Replacement Versus OE Tires
When shopping for tires online, some tires are labeled as "replacement" and some as "OE." The OE stands for "Original Equipment" and represents the tire the manufacturer chose for the car as it rolled out of the factory. If the tire shows up as "replacement," it simply means it wasn't the original tire. This doesn't mean the tire won't perform any better or worse, but there is a greater risk it won't complement the car's intended performance.

According to TireBuyer.com, "OE tires are often purpose-built to make the most of your vehicle’s performance." For example, a manufacturer might choose a "plush, quiet" tire for a luxury vehicle, an "eco-friendly low rolling resistance tire" for a hybrid, and a tire to "highlight tight cornering or straight-line acceleration" for a sports car.   

If you're concerned with tire performance, an OE tire represents little risk because the manufacturers chose those tires based on how they perform with your specific vehicle.
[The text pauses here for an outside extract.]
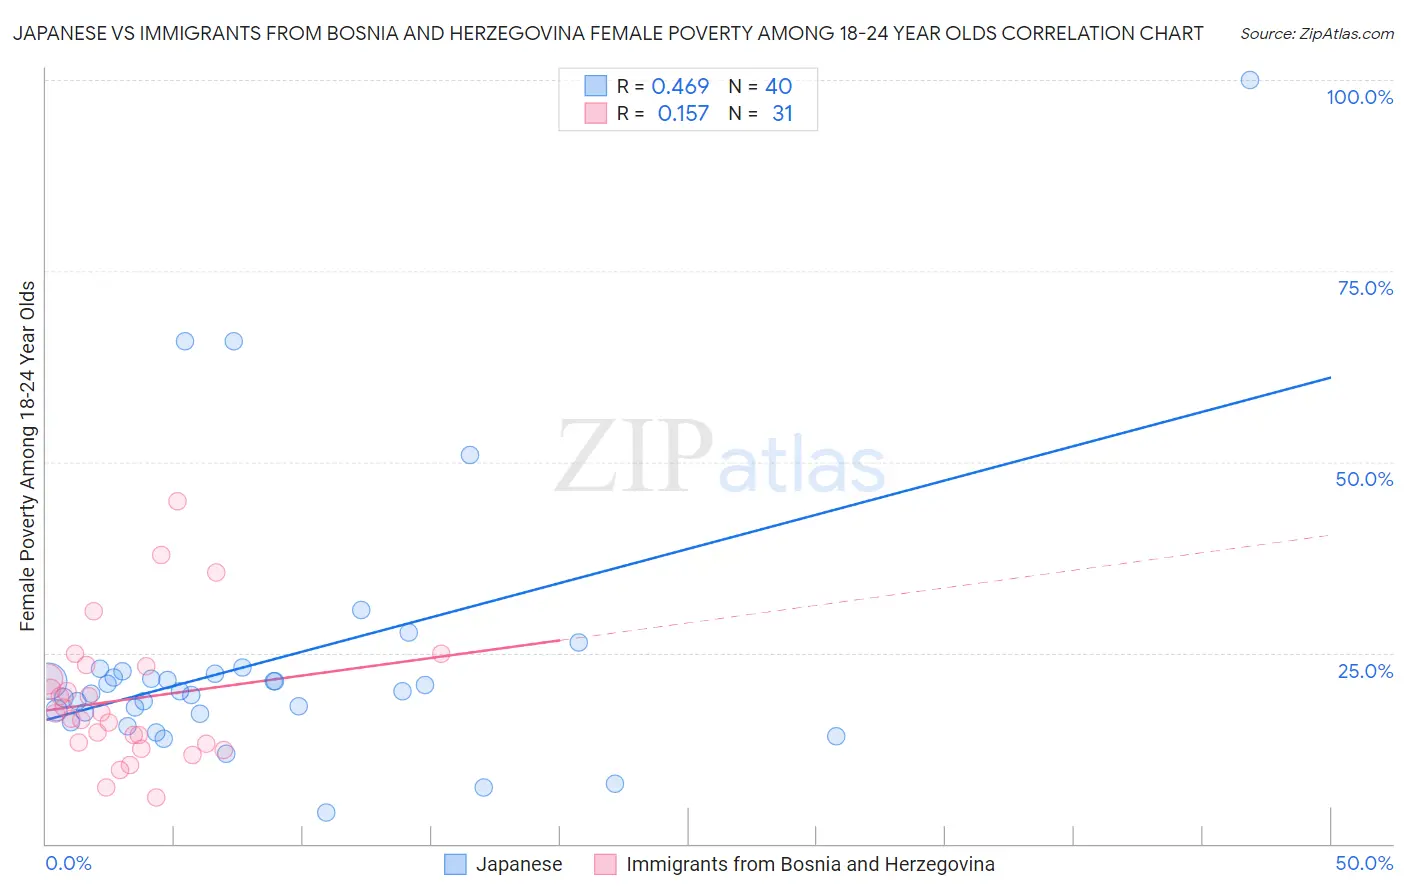 Japanese vs Immigrants from Bosnia and Herzegovina Female Poverty Among 18-24 Year Olds

However, you should consider a replacement tire if you want a very specific type of performance, such as all-season or winter performance.   

Load and Speed Ratings
Every tire has a speed rating and a load rating. The speed rating gives the max speed the tire is built for while the load rating represents the max weight of the automobile. In most cases, even the most basic tires have a speed rating around 118 miles per hour and a load rating that suits most vehicles. These ratings are mostly important for sport performance tires and trucks carrying heavy loads.

Winter Tires: What's the Difference?

Winter tires maintain better traction on icy, snowy or otherwise compromised roads. According to Bridgestone, this is because the rubber used to make these tires is softer, allowing it to grip the road better. The treads on these tires are also often deeper than usual and specialized to funnel slush and snow toward the outside edge of the tire and away from the car. If you live in an area with particularly cold and icy winter weather, you can also opt for studded winter tires.

These tires have little metal studs embedded in the rubber that dig into ice, giving you a lot more traction. They should only be used in extreme weather conditions and shouldn't be used on dry pavement, as they can damage the road. Because of this, some states have laws restricting or totally limiting studded tire use. For example, Arizona, Arkansas, Delaware, Iowa and Kansas only allow studded tires during winter months. Michigan and Florida only permit them with rubber stubs affixed over the metal, and Hawaii doesn't allow them at all. But then again, you're probably not going to need them there. A full list is available from AAA.

Bridgestone doesn't recommend you use these specialized tires all year because they wear faster on hot, dry pavement. This can lead to decreased performance. If you don't want to switch out your tires when the weather changes, you'll want to opt for all-season tires. These usually come on the car when it leaves the factory and work in most conditions. If you're only going to experience a little snow here and there, all-season tires will work just fine.